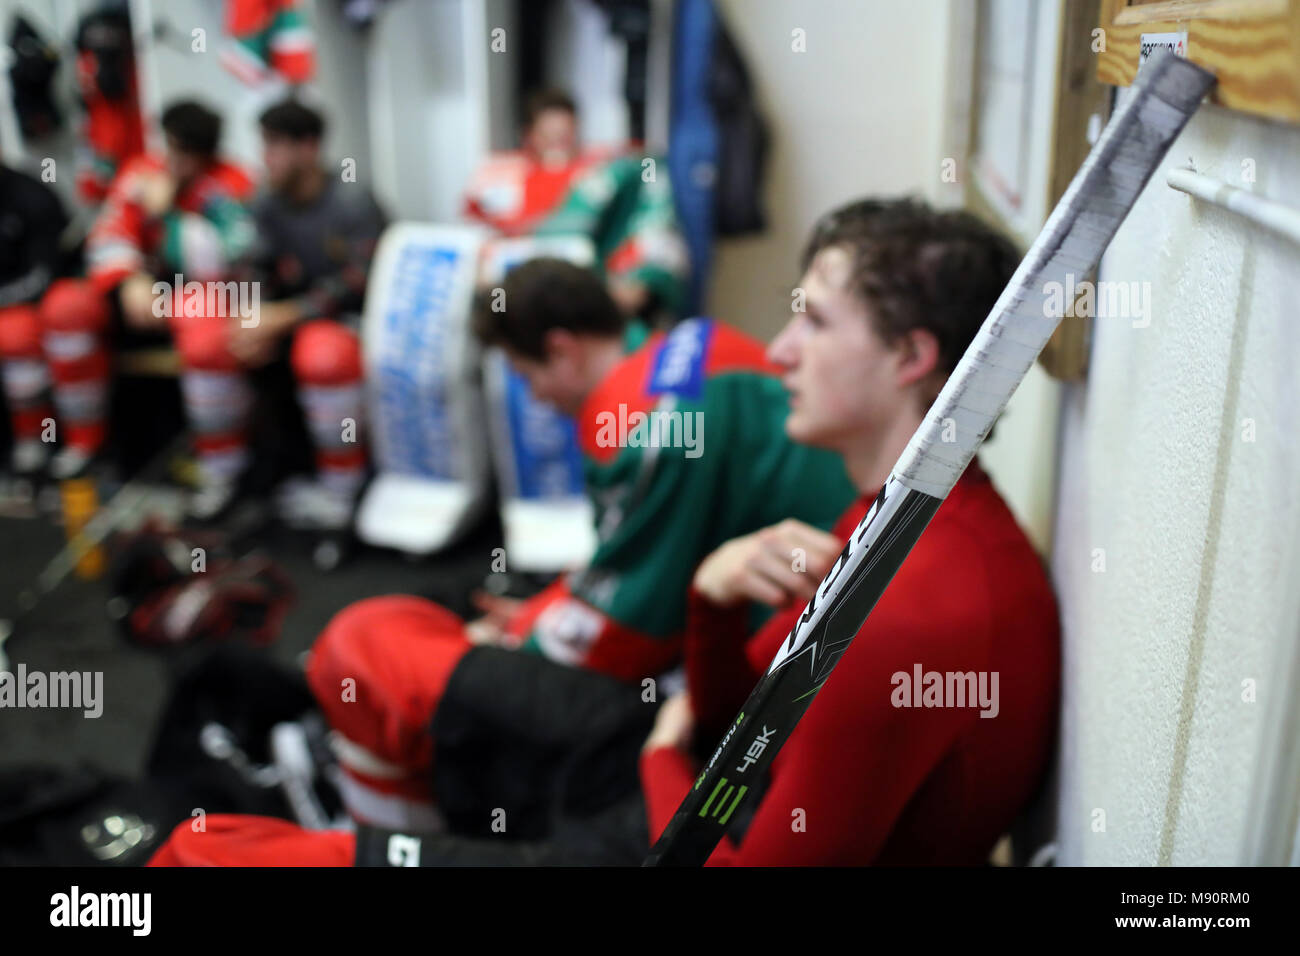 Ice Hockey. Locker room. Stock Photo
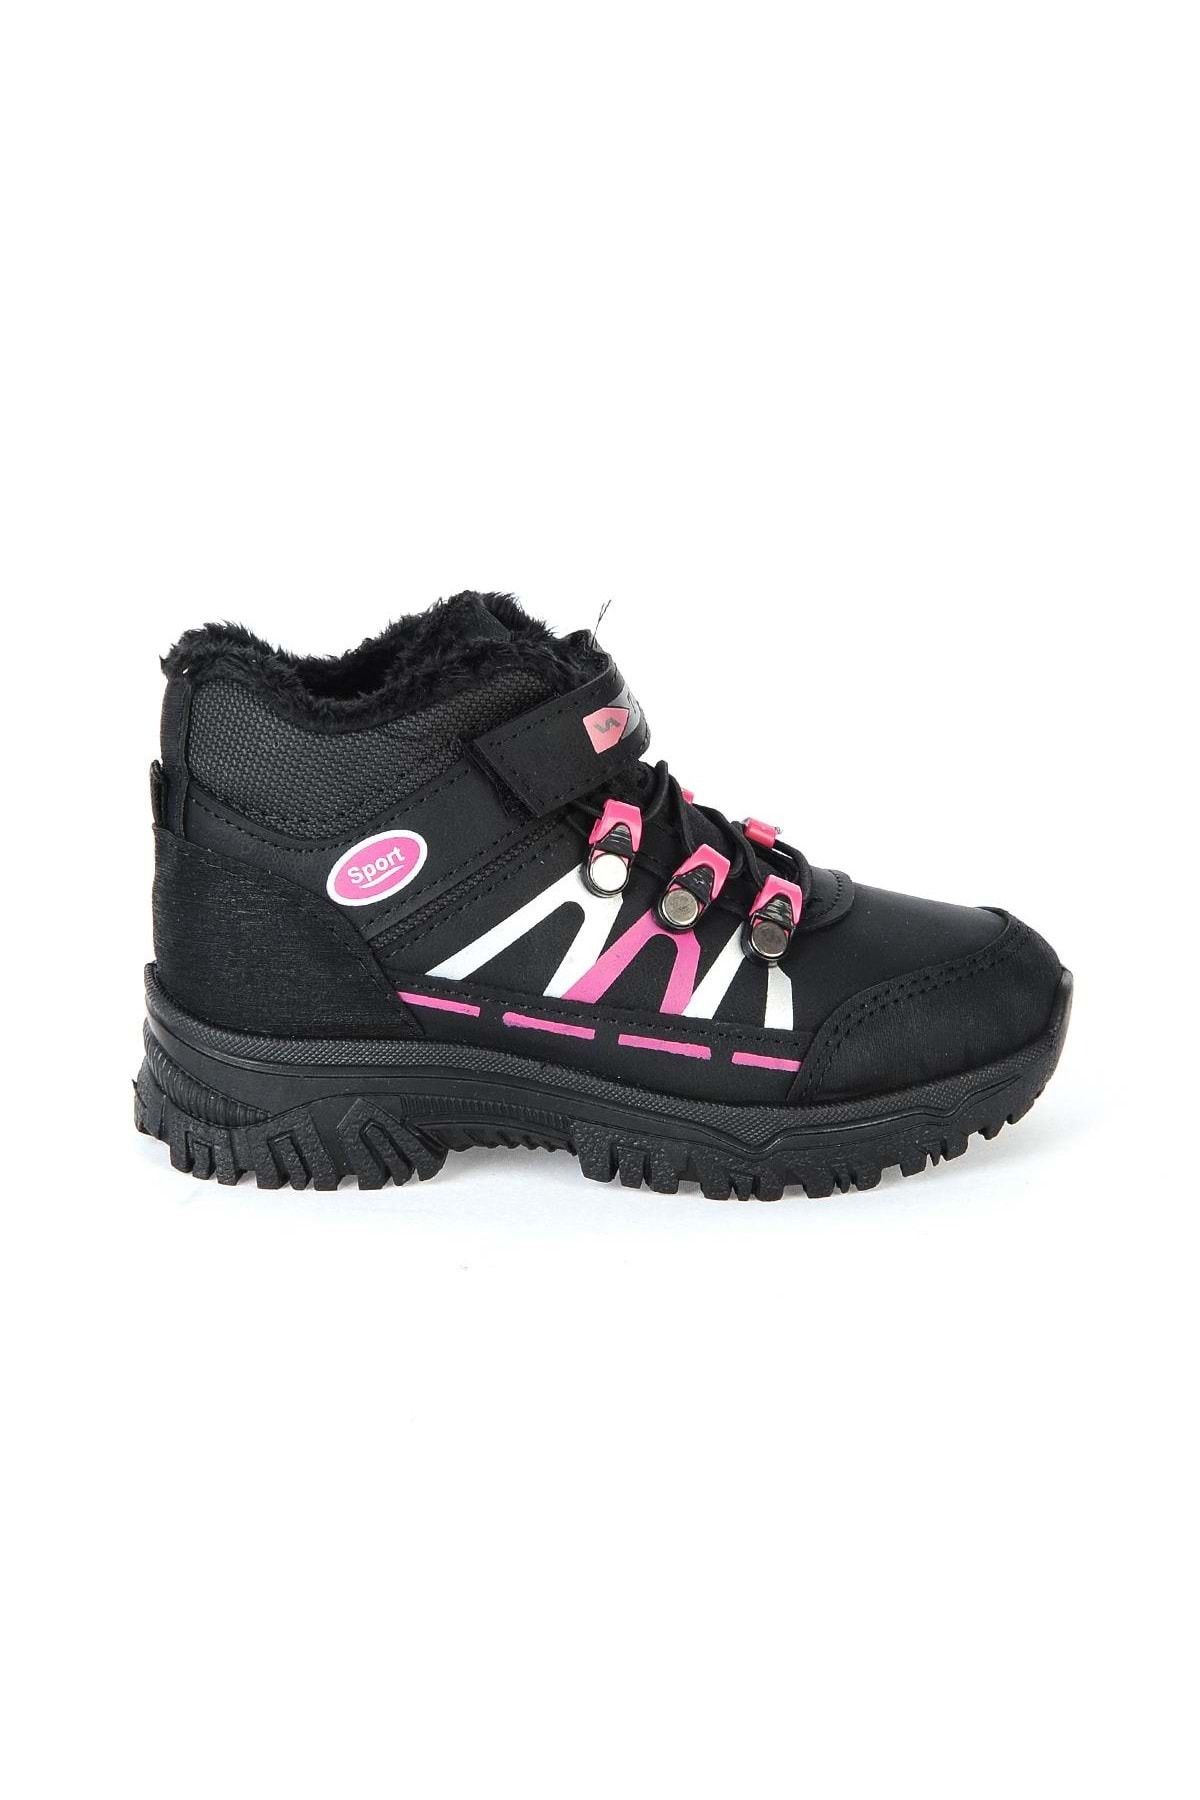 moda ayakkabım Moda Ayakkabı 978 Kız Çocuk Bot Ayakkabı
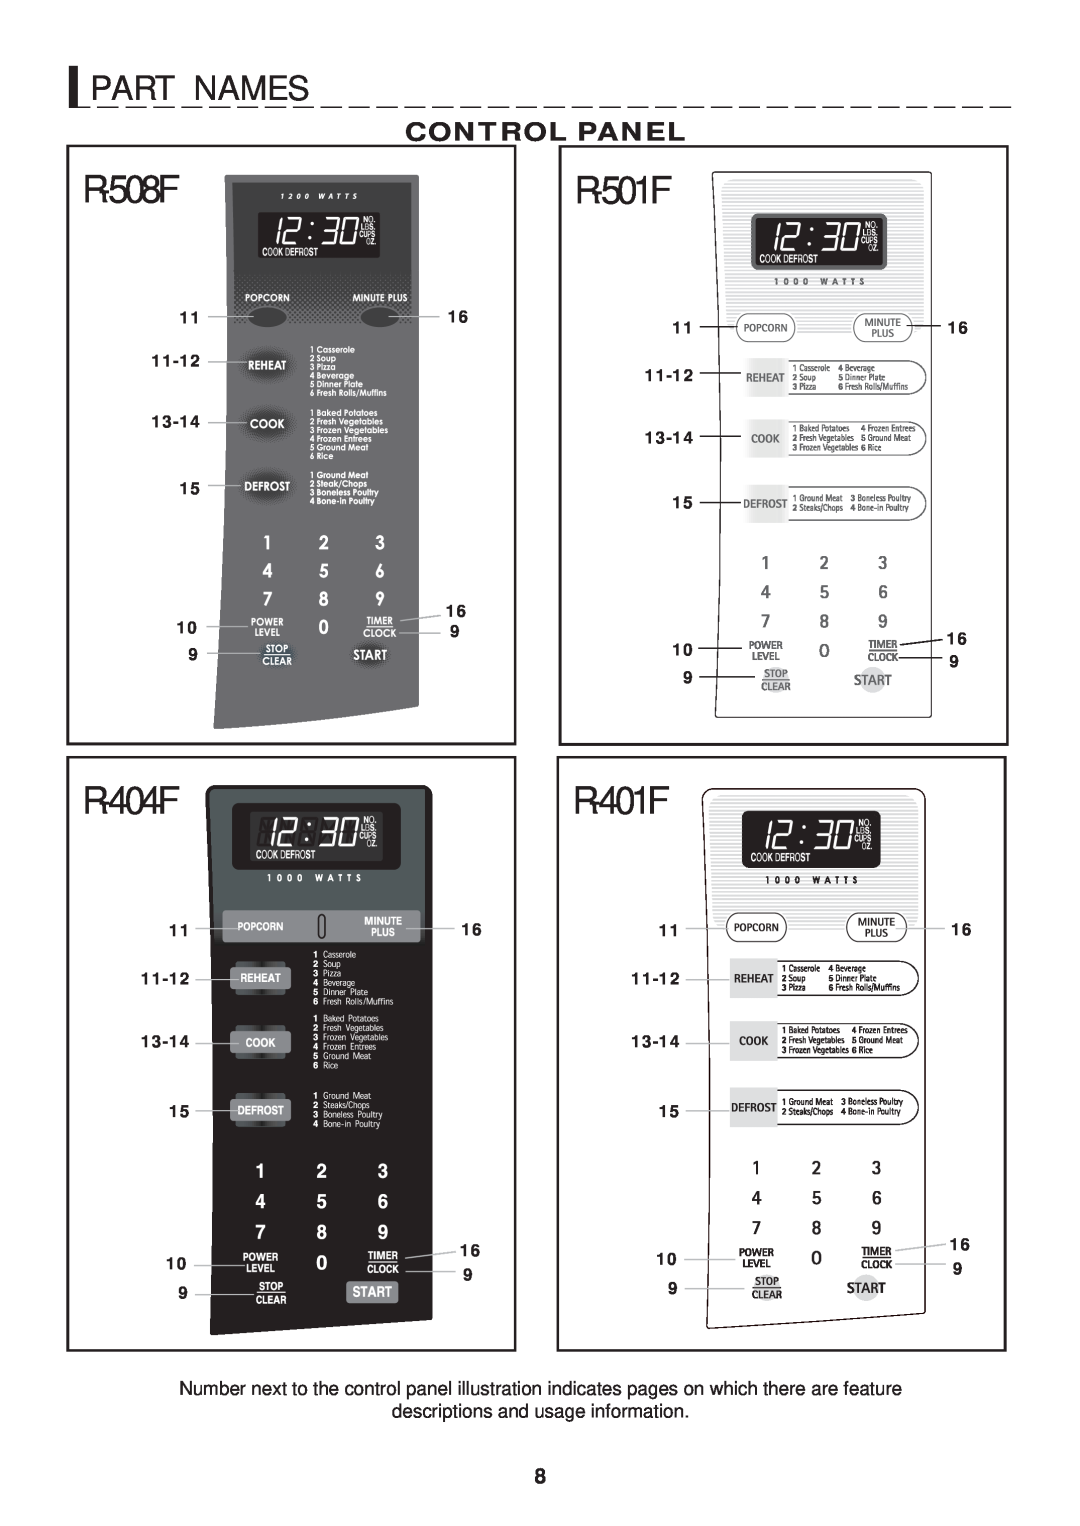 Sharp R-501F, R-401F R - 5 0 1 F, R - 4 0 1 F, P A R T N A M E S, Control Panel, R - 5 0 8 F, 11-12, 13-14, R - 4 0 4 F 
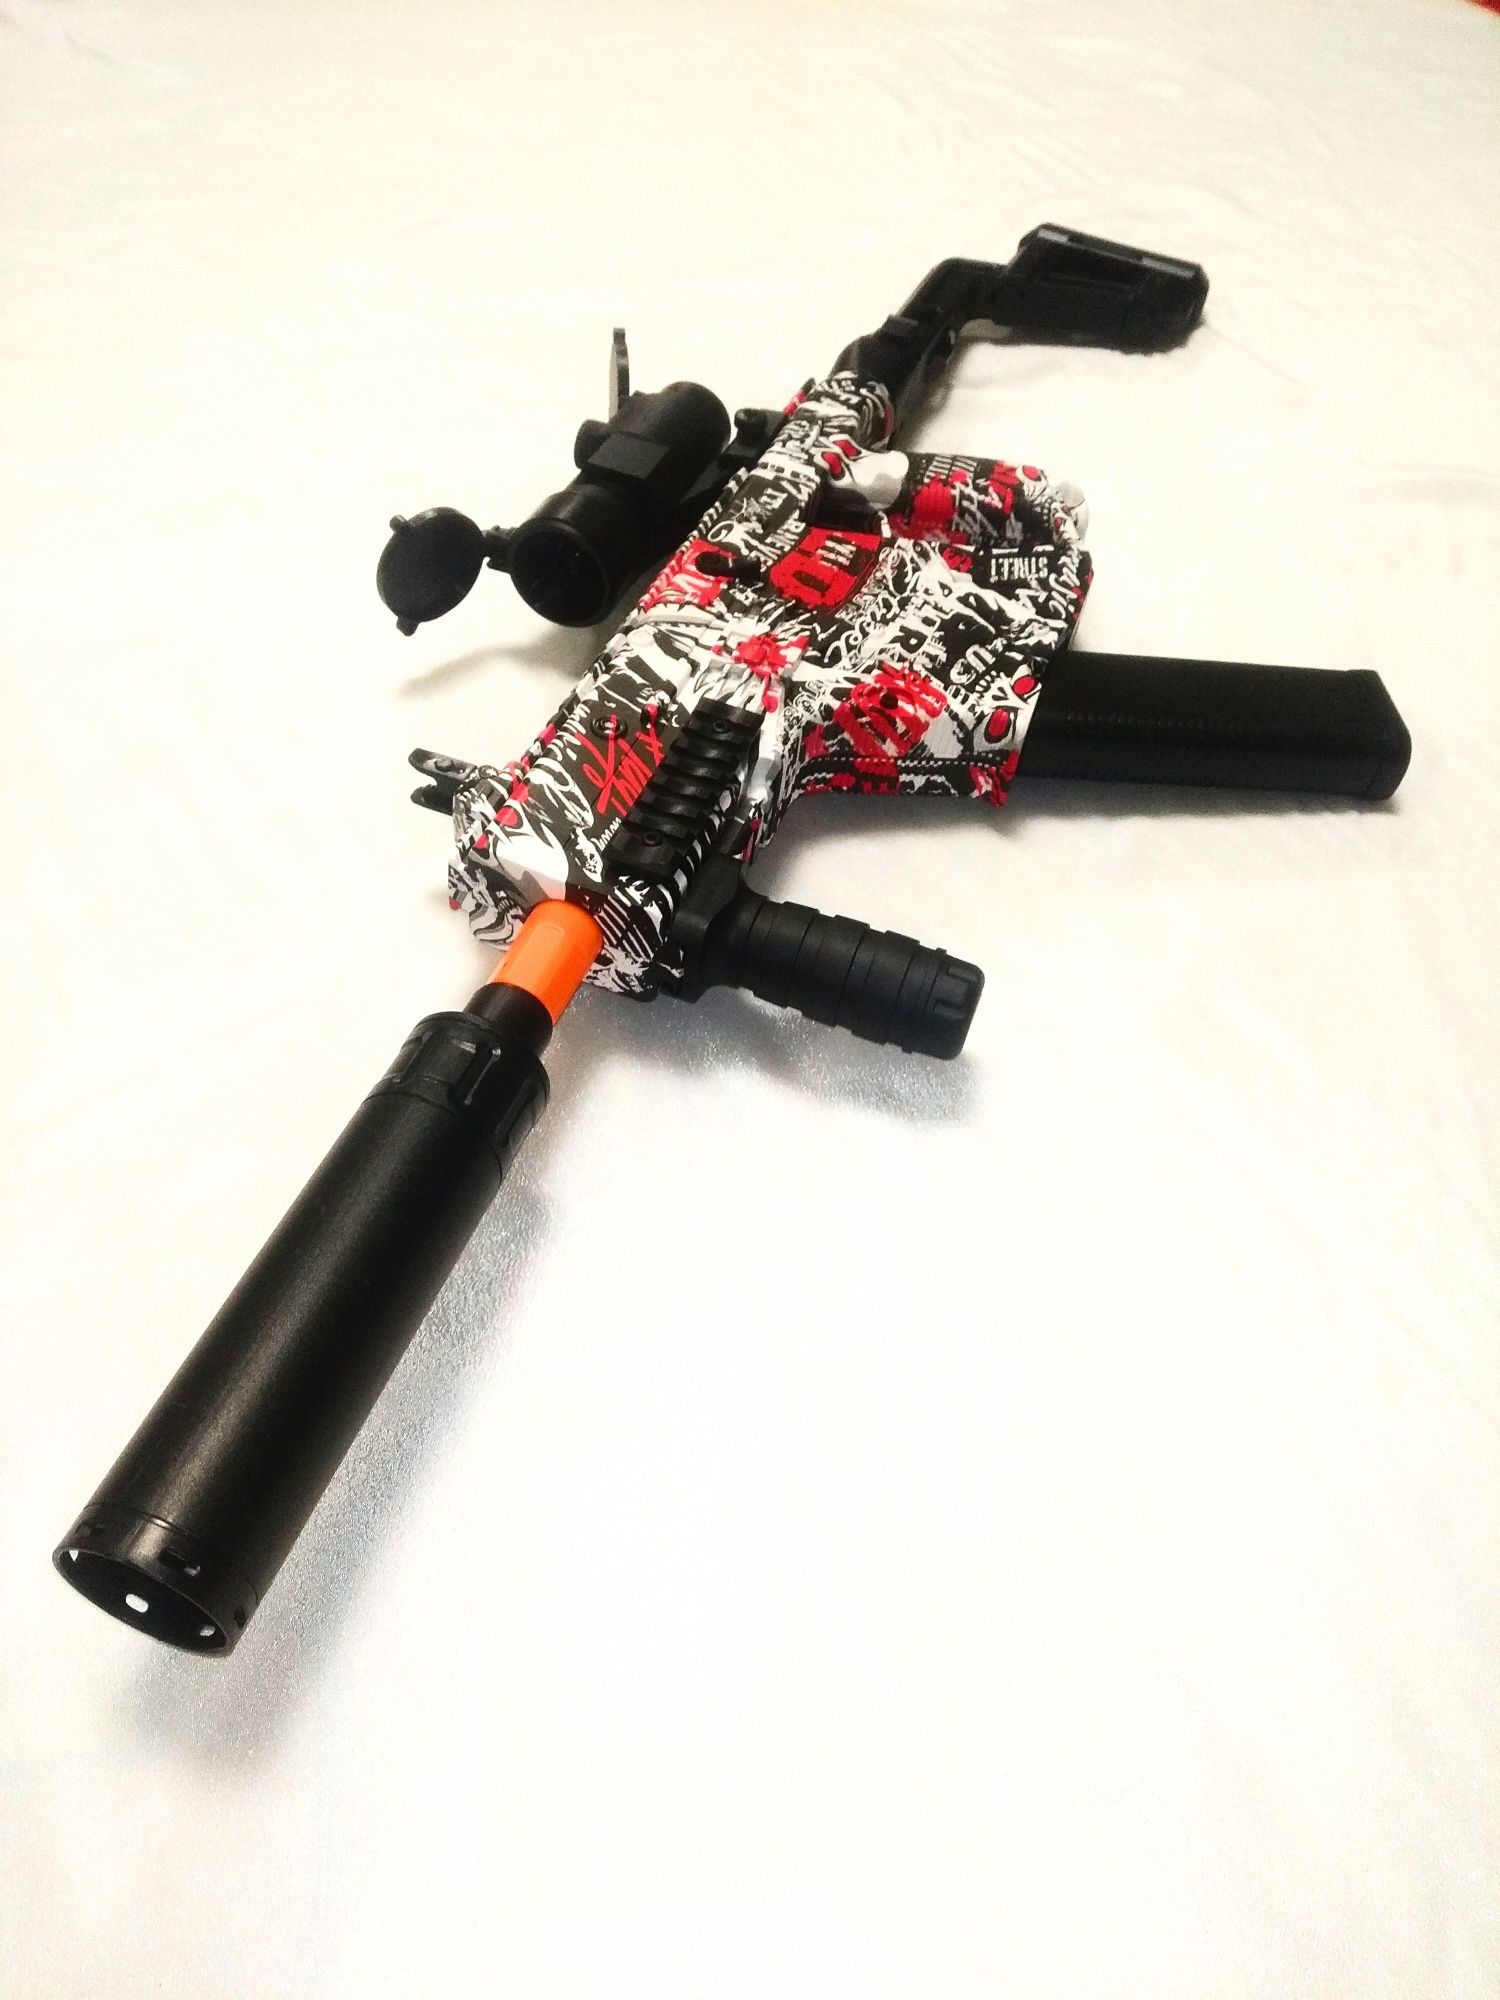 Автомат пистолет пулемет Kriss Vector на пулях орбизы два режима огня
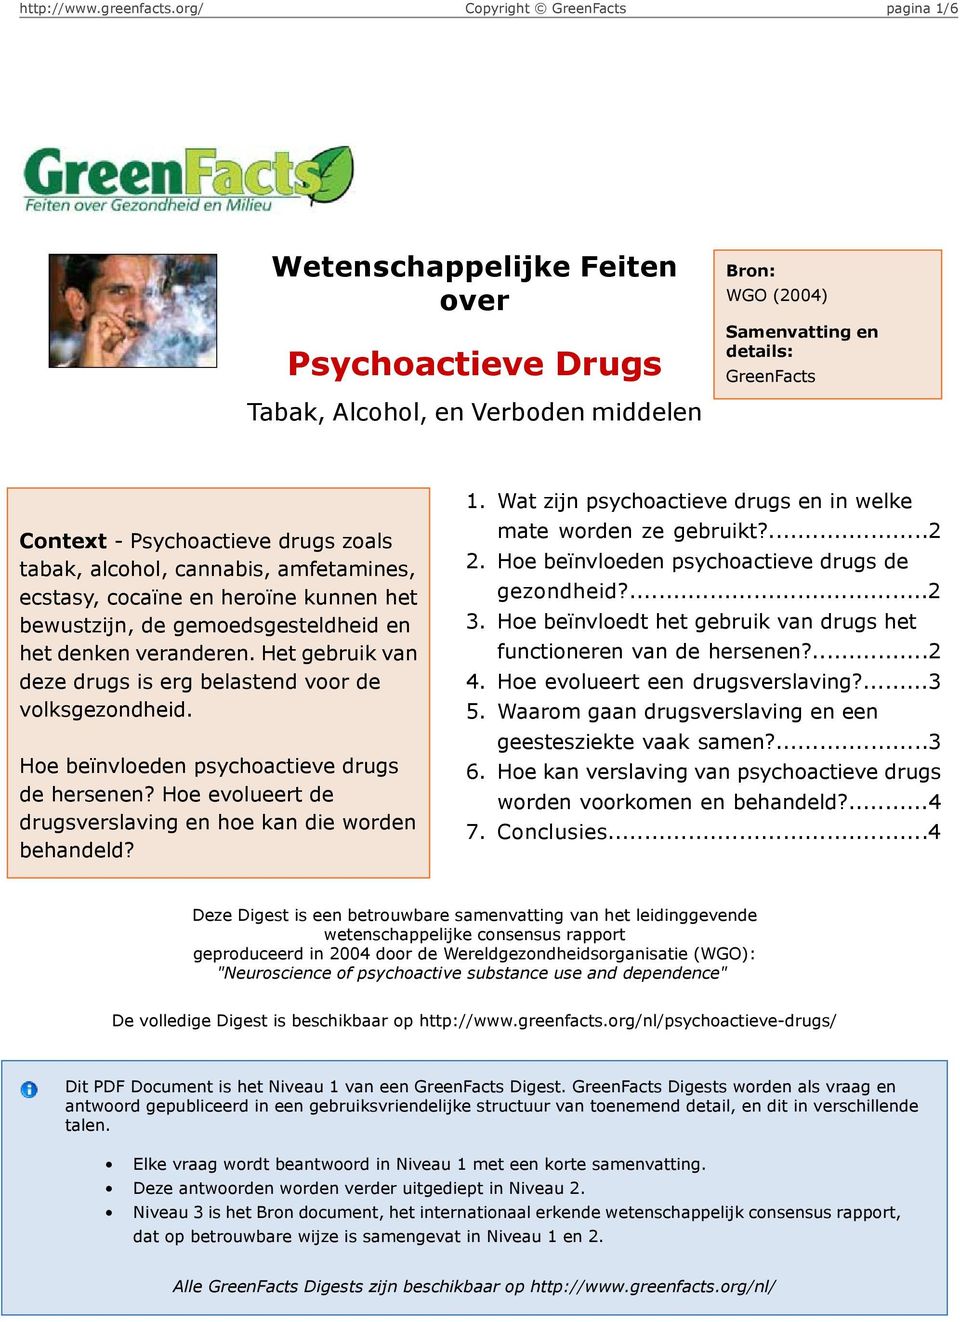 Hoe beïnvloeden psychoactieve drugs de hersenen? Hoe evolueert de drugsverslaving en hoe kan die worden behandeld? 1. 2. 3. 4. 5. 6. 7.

* [Instructions for the task] Copy the entries exactly. Leave the pictures out.

* [Completed exercise]
 Ice Hockey. Locker room. Stock Photo
 moda ayakkabım Moda Ayakkabı 978 Kız Çocuk Bot Ayakkabı
 Sharp R-501F, R-401F R - 5 0 1 F, R - 4 0 1 F, P A R T N A M E S, Control Panel, R - 5 0 8 F, 11-12, 13-14, R - 4 0 4 F 
 Автомат пистолет пулемет Kriss Vector на пулях орбизы два режима огня
 Hoe beïnvloeden psychoactieve drugs de hersenen? Hoe evolueert de drugsverslaving en hoe kan die worden behandeld? 1. 2. 3. 4. 5. 6. 7.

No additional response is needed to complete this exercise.